START Dataset entries

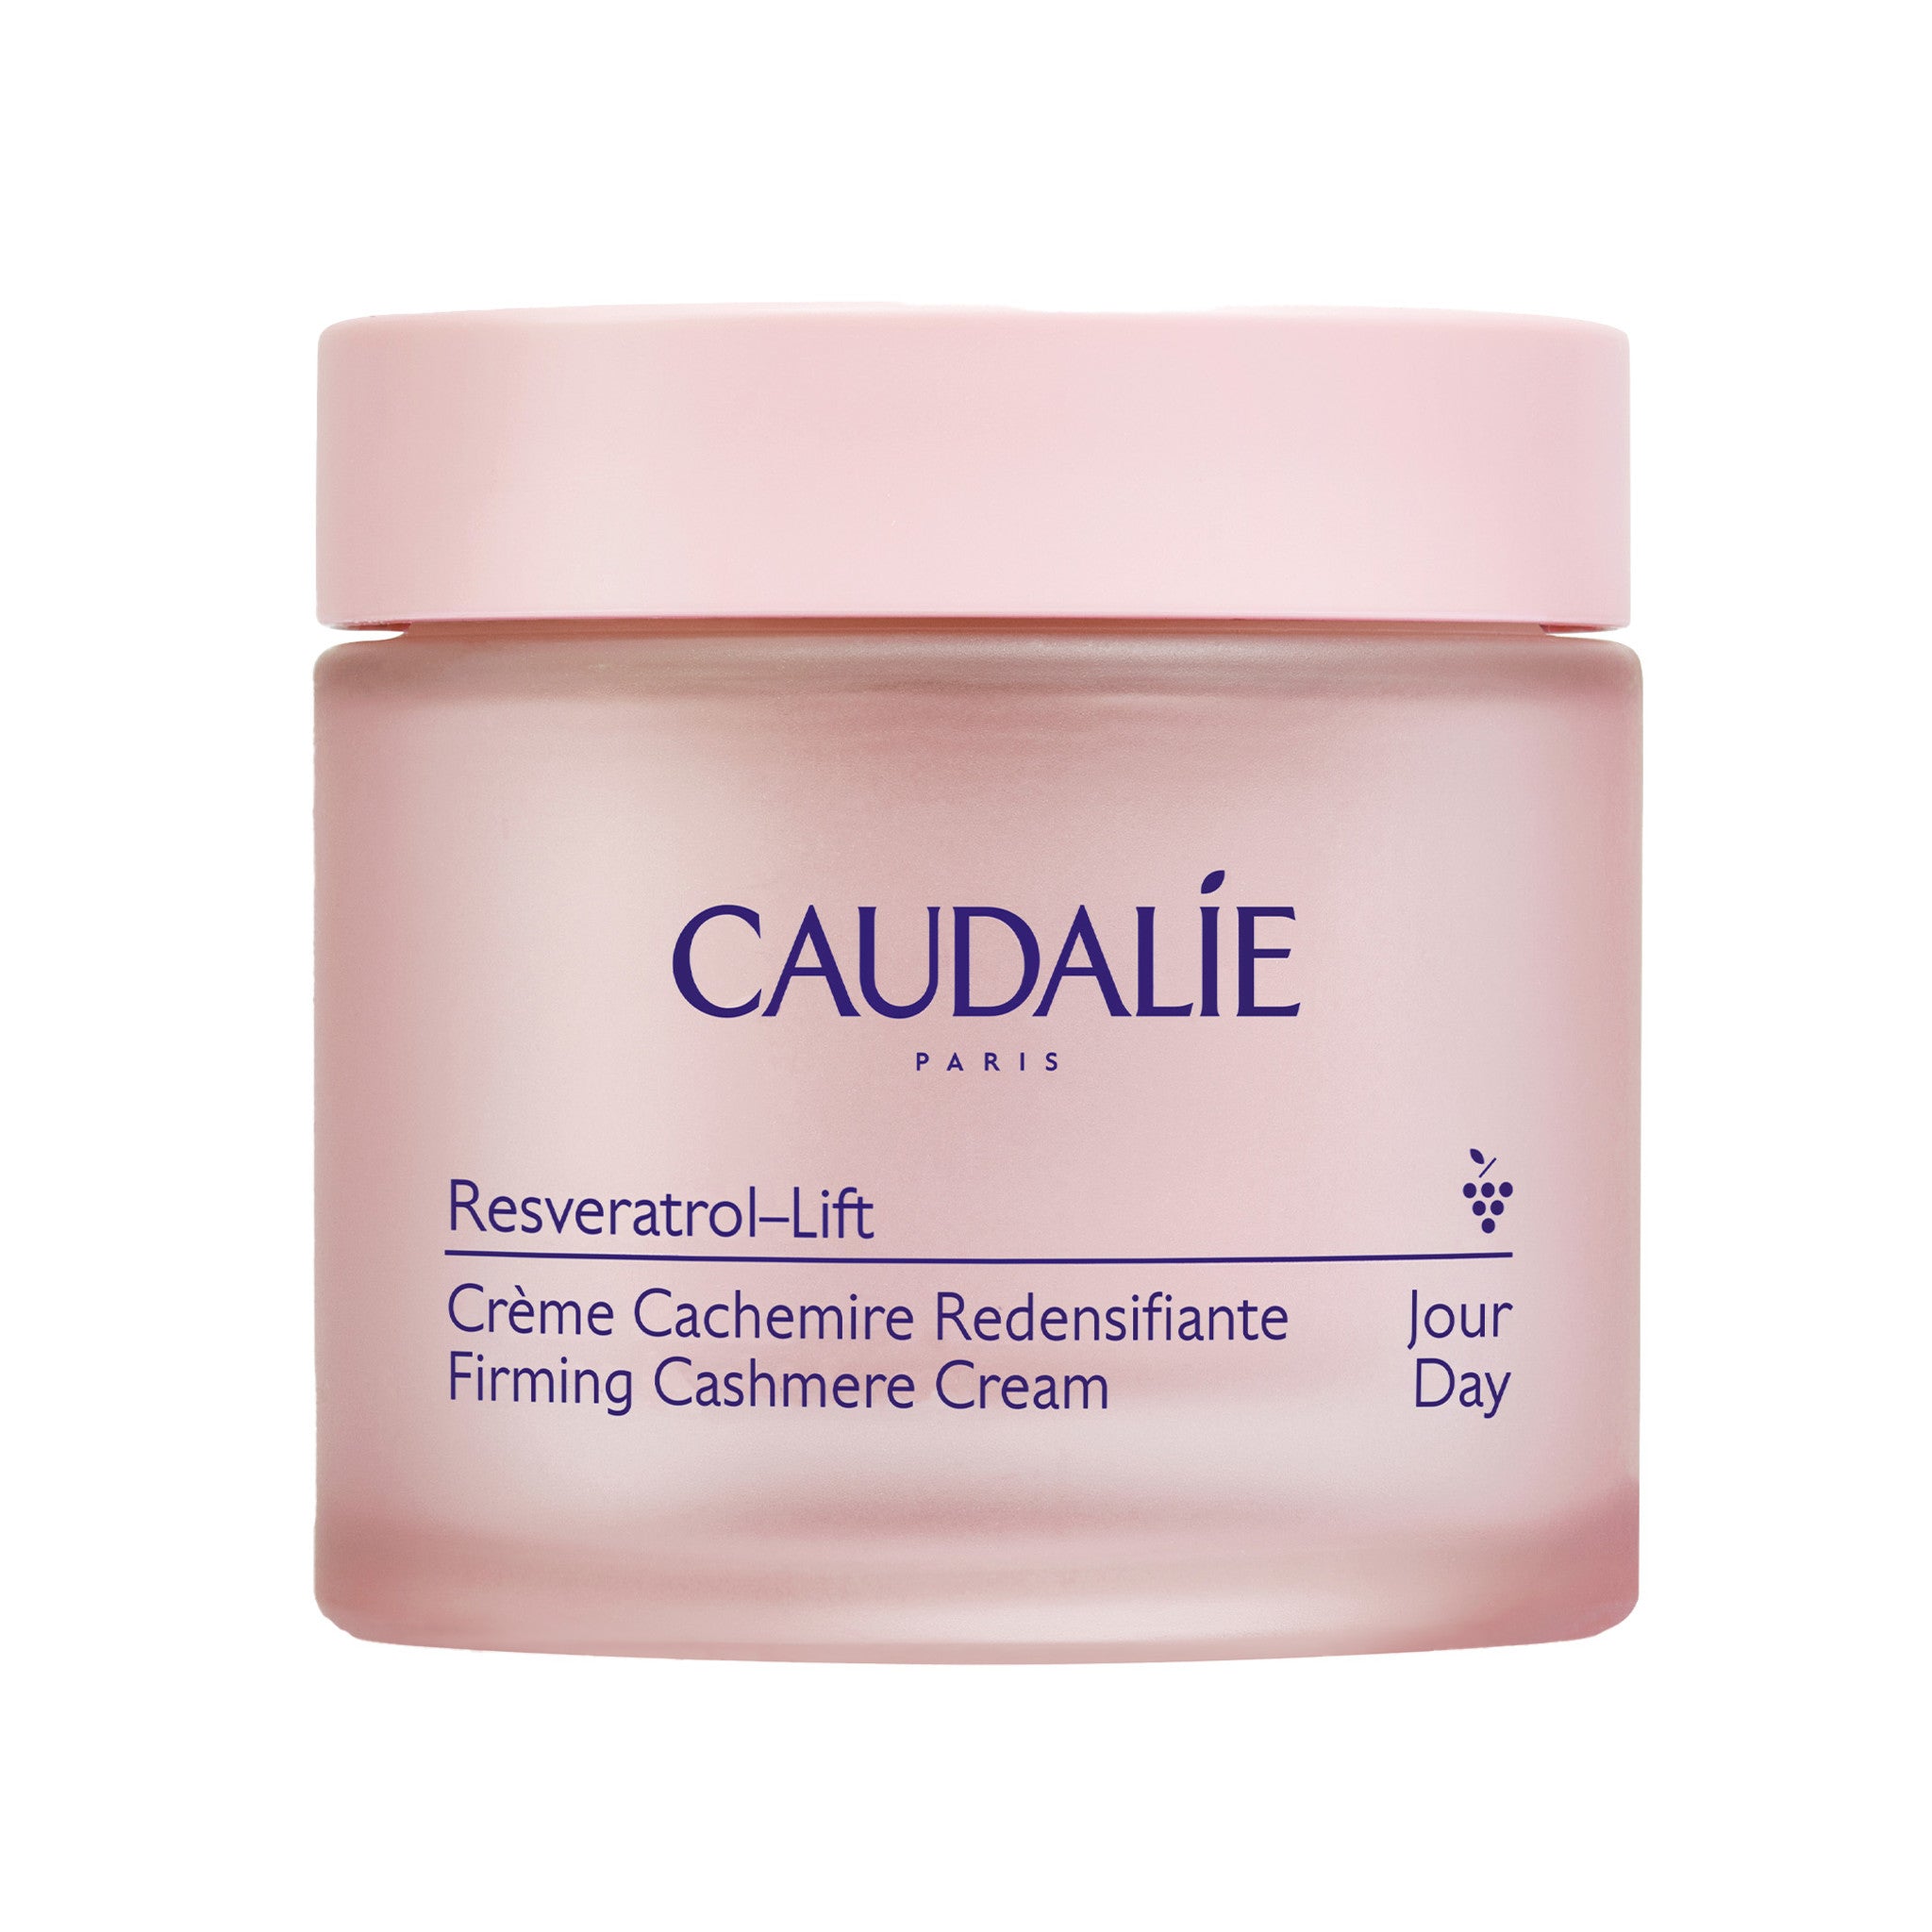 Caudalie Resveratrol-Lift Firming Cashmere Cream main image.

END Dataset entries
START Dataset entries

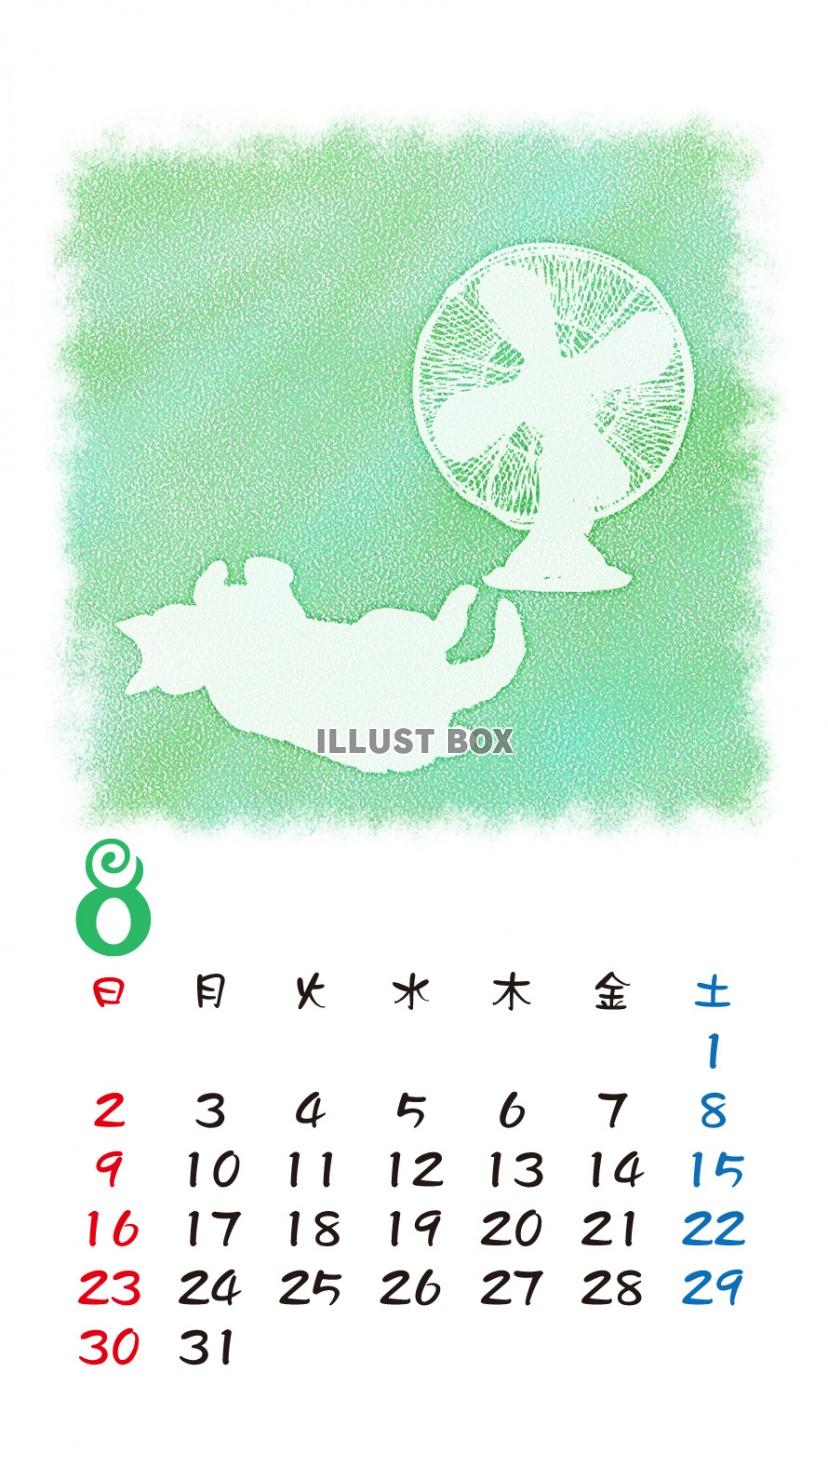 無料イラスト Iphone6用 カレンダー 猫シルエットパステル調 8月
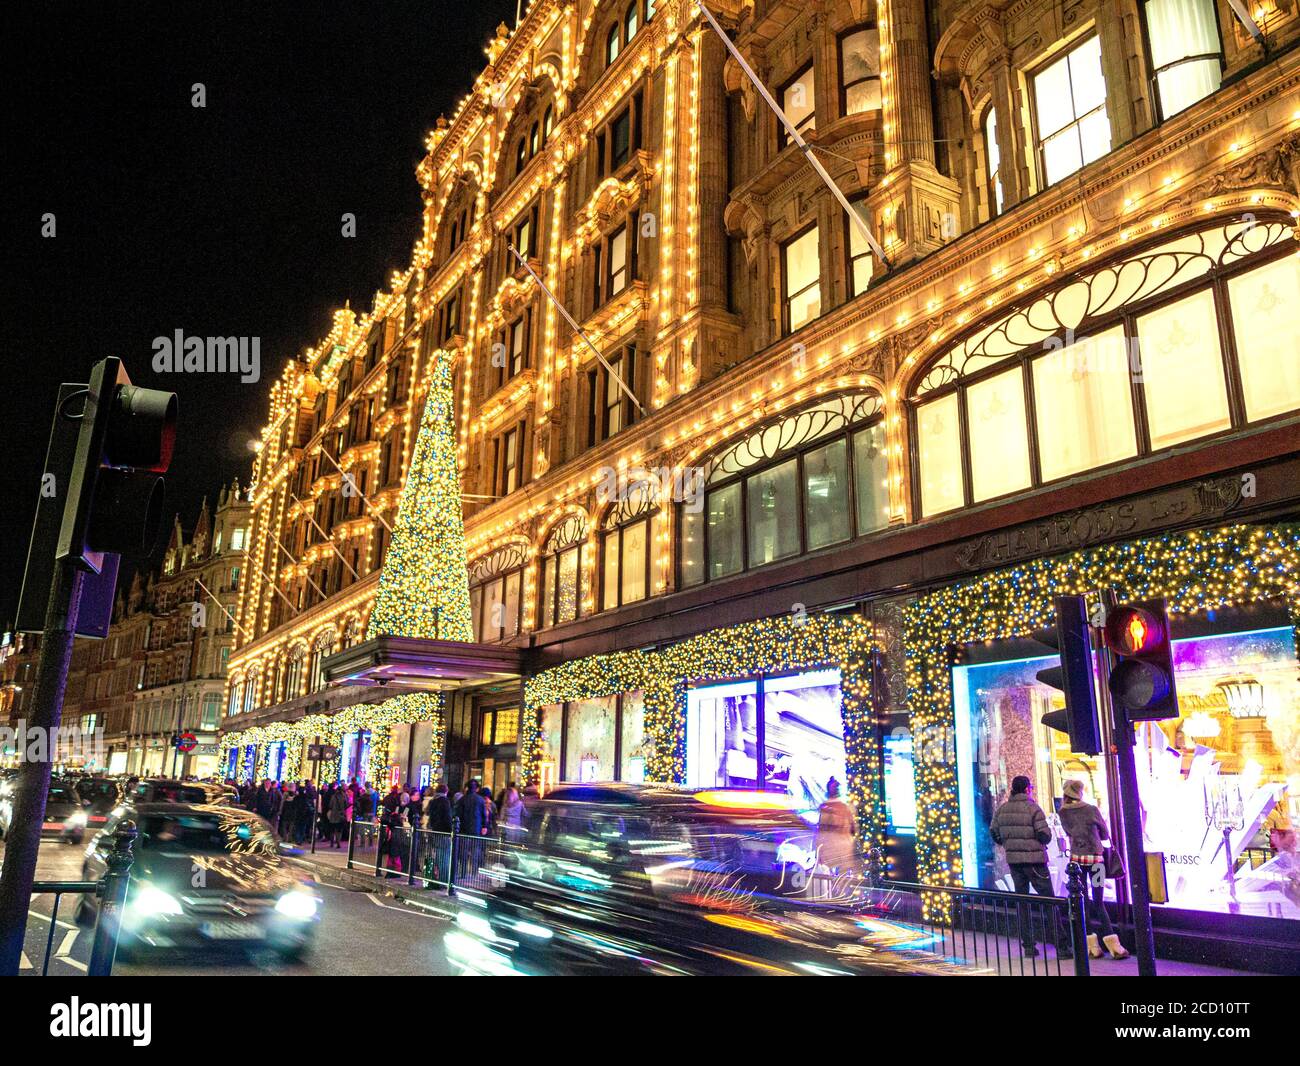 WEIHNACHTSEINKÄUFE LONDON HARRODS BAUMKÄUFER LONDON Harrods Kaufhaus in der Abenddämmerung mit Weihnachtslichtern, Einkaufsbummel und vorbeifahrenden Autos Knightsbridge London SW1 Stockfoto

END Dataset entries

**Task to carry out:**
Your answer must be the exact lines from the records above, from the one containing "無料イラスト Iphone6用 カレンダー 猫シルエットパステル調 8月" through the one containing "WEIHNACHTSEINKÄUFE LONDON HARRODS", both included, with every picture left out.

**Task answer:**
 無料イラスト Iphone6用 カレンダー 猫シルエットパステル調 8月
 WEIHNACHTSEINKÄUFE LONDON HARRODS BAUMKÄUFER LONDON Harrods Kaufhaus in der Abenddämmerung mit Weihnachtslichtern, Einkaufsbummel und vorbeifahrenden Autos Knightsbridge London SW1 Stockfoto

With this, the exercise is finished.